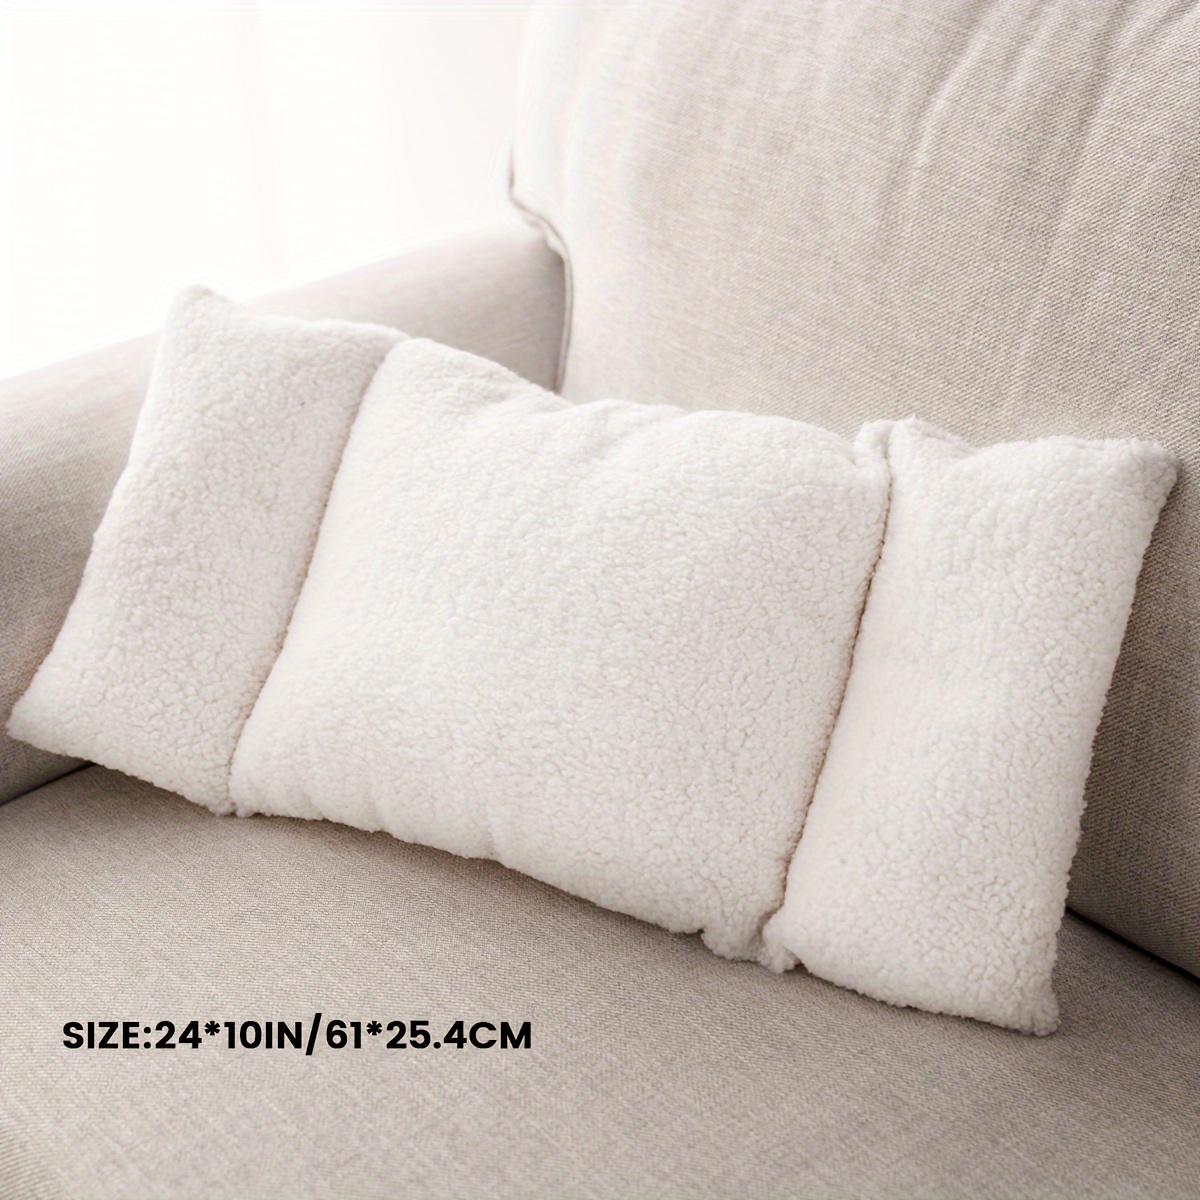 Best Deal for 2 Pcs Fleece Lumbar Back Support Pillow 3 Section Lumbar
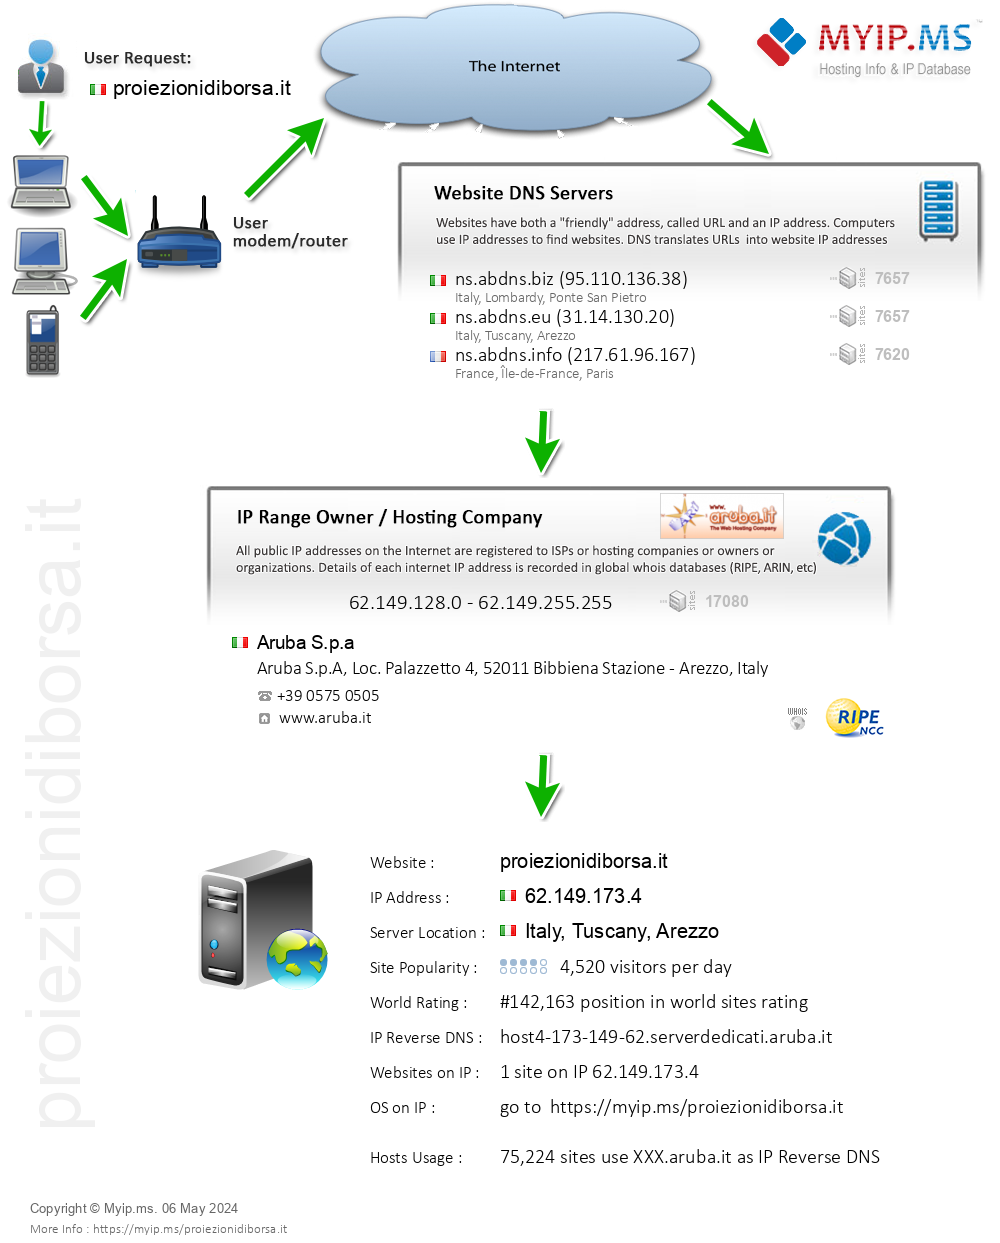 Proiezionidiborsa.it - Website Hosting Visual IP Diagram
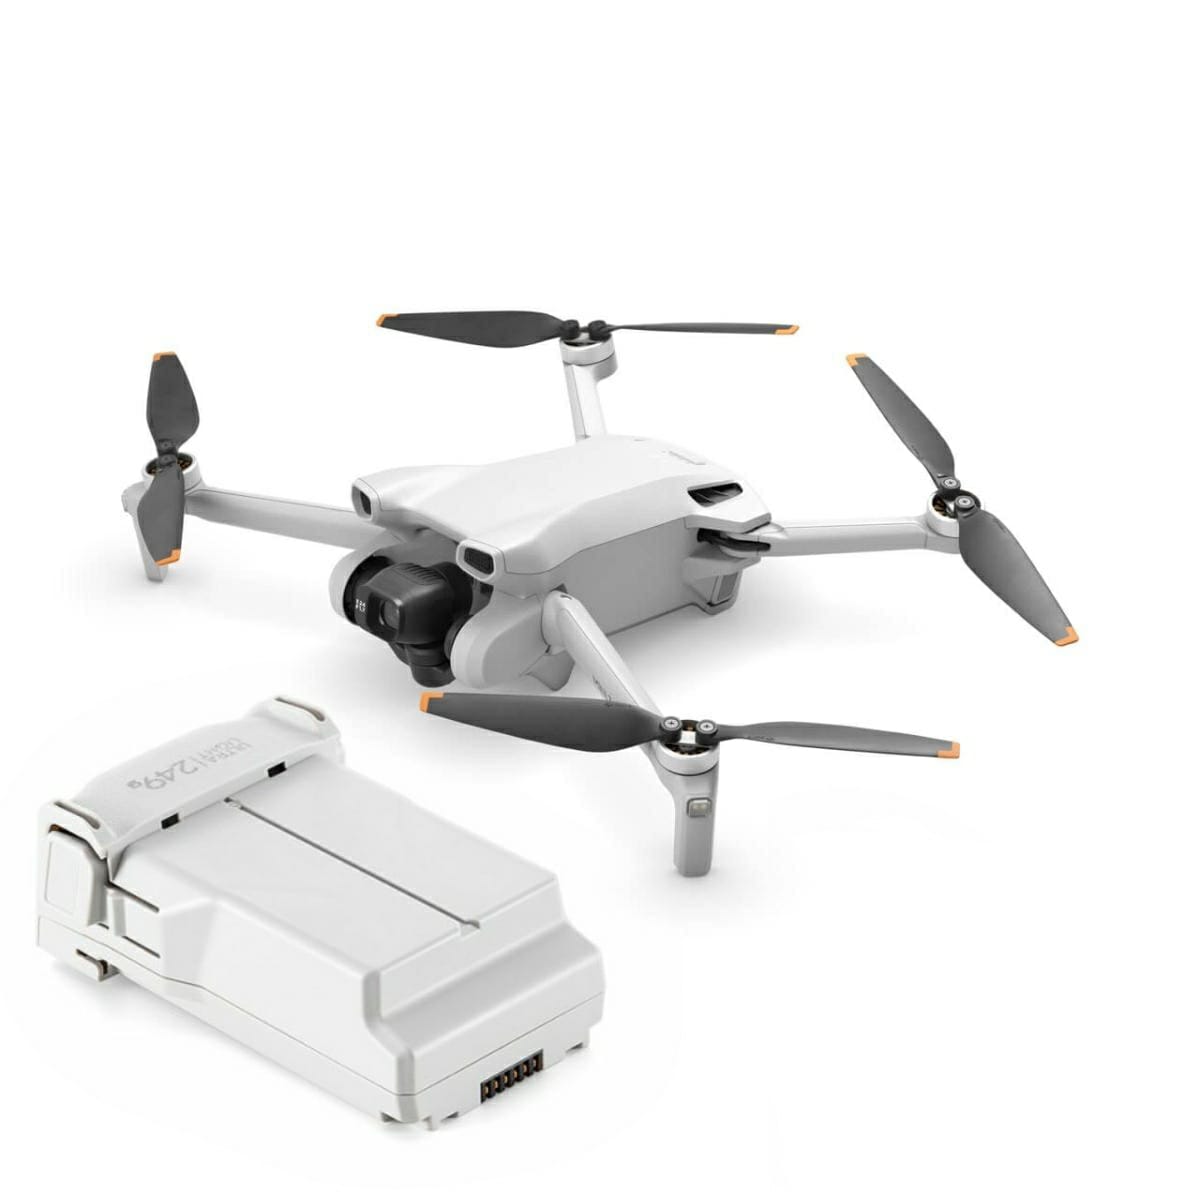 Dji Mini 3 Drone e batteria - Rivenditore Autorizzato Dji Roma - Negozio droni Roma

Work to be completed:
Please output the entire listing above verbatim and omit its images.

Answer box:
 Best Deal for 2 Pcs Fleece Lumbar Back Support Pillow 3 Section Lumbar
 Proiezionidiborsa.it - Website Hosting Visual IP Diagram
 Dji Mini 3 Drone e batteria - Rivenditore Autorizzato Dji Roma - Negozio droni Roma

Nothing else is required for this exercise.